In [35]: import bs4 as bs

In [36]: bs.BeautifulSoup('<h1>FOO</h1>', "html.parser")
Out[36]: <h1>FOO</h1>

Run Code Online (Sandbox Code Playgroud)

这用Python的内置HTML解析器解析HTML.引用文档:

与html5lib不同,此解析器不会尝试通过添加<body>标记来创建格式良好的HTML文档.与lxml不同,它甚至不需要添加<html>标签.

或者,您可以使用html5lib解析器,然后选择以下元素<body>:

In [61]: soup = bs.BeautifulSoup('<h1>FOO</h1>', 'html5lib')

In [62]: soup.body.next
Out[62]: <h1>FOO</h1>

Run Code Online (Sandbox Code Playgroud)

@MartijnPieters:这似乎不是真的,至少从版本4.1.3开始.如果你未指定`features`,则默认为`['html','fast']`.略读代码,似乎`bs`使用`bs.builder.builder_registry.builders_for_feature ['html']`中列出的第一个构建器,在我的例子中它是`bs4.builder._lxml.LXMLTreeBuilder`.所以它似乎取决于你已经安装了什么.或者更确切地说,默认构建器是`bs.builder.builder_registry.lookup('html','fast')`返回的内容. (4认同)
请注意，如果体内有多个元素，此响应实际上会中断。如果您有`<h1> a </ h1> <h1> b </ h1>`，则只会返回`<h1> a </ h1>` (2认同)

Answer 2

ahu*_*igo 7

让我们首先创建一个汤样本：

soup=BeautifulSoup("<head></head><body><p>content</p></body>")

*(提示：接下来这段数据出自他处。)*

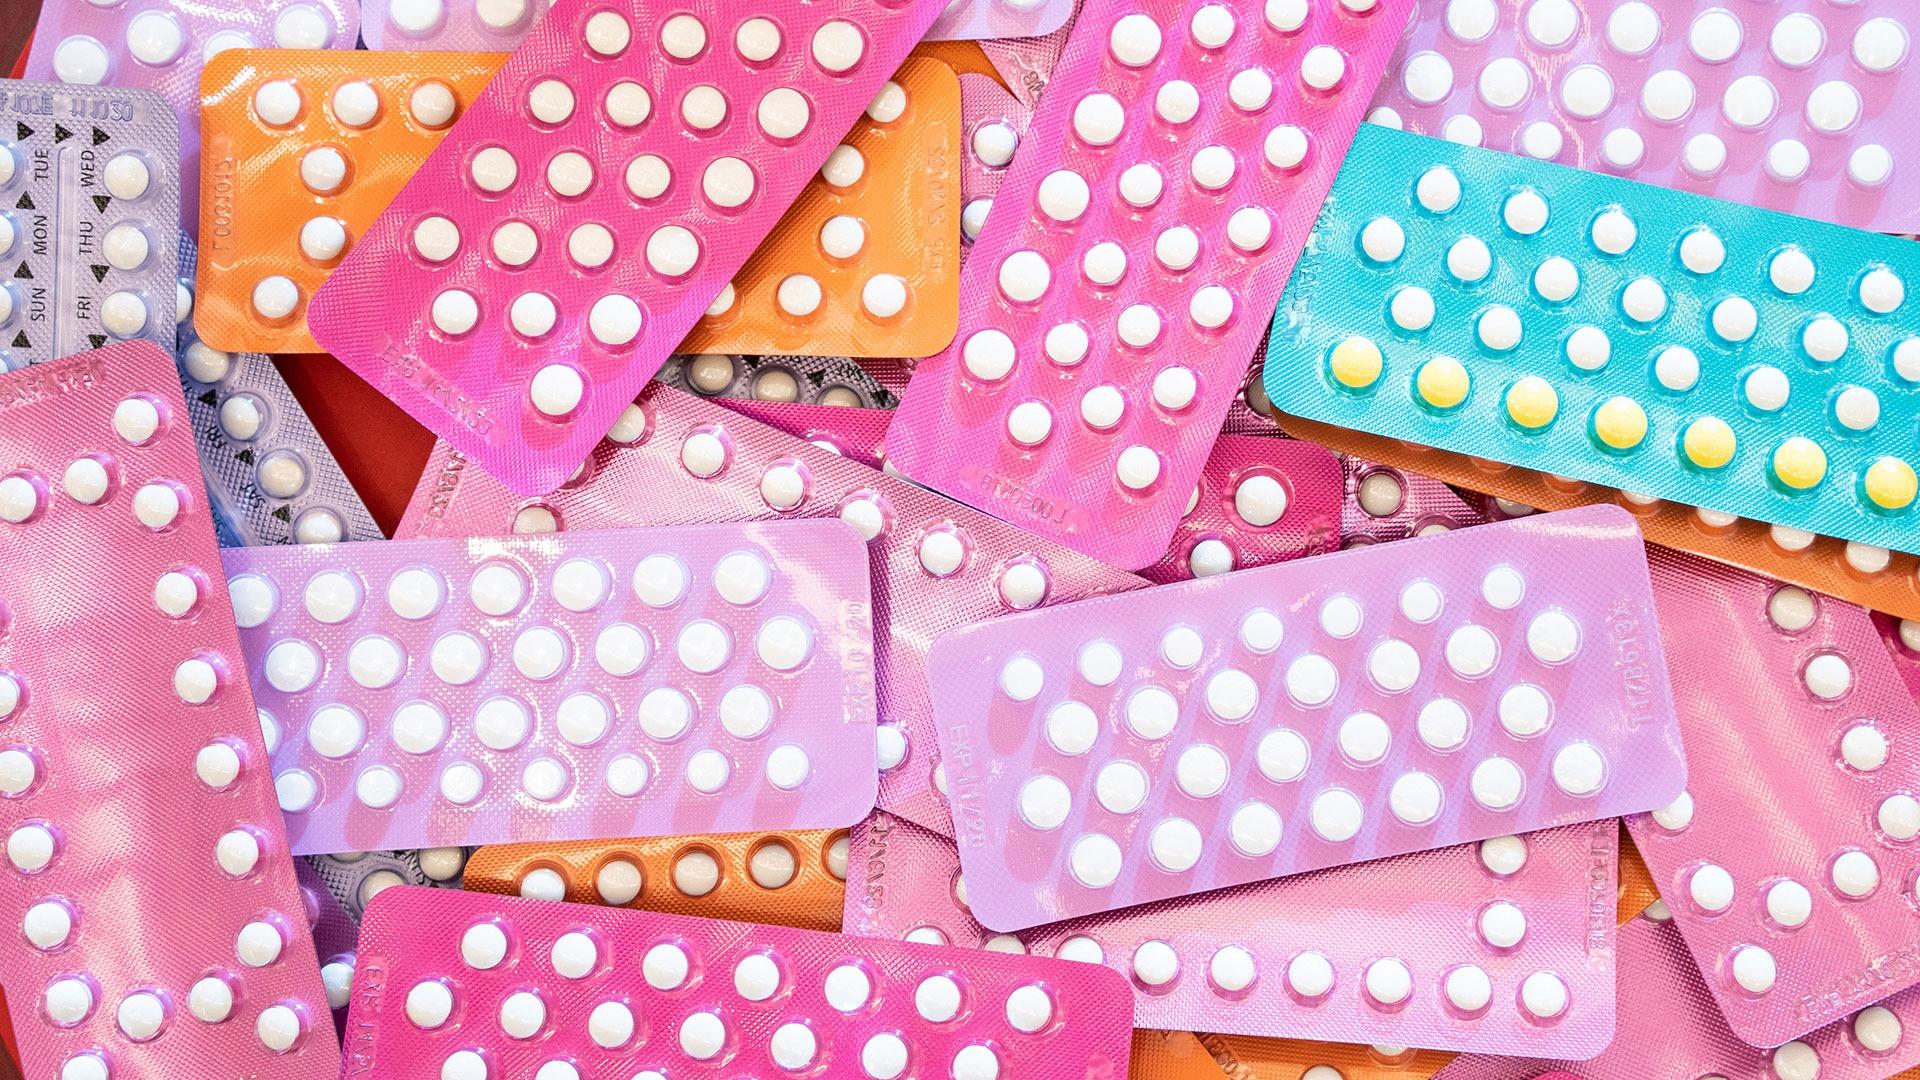 Las pastillas anticonceptivas podrían causar depresión a largo plazo en adolescentes

Run Code Online (Sandbox Code Playgroud)

您可以通过指定获取 html 和 body 的孩子soup.body.<tag>：

# python3: get body's first child
print(next(soup.body.children))

# if first child's tag is rss
print(soup.body.rss)

Run Code Online (Sandbox Code Playgroud)

你也可以使用unwrap()来移除 body、head 和 html

soup.html.body.unwrap()
if soup.html.select('> head'):
    soup.html.head.unwrap()
soup.html.unwrap()

Run Code Online (Sandbox Code Playgroud)

如果你加载 xml 文件，bs4.diagnose(data)会告诉你使用lxml-xml，它不会用html+body

>>> BS('<foo>xxx</foo>', 'lxml-xml')
<foo>xxx</foo>

Run Code Online (Sandbox Code Playgroud)

Answer 3

the*_*est 5

BeautifulSoup 的这方面一直让我很恼火。

这是我如何处理它：

# Parse the initial html-formatted string
soup = BeautifulSoup(html, 'lxml')

# Do stuff here

# Extract a string repr of the parse html object, without the <html> or <body> tags
html = "".join([str(x) for x in soup.body.children])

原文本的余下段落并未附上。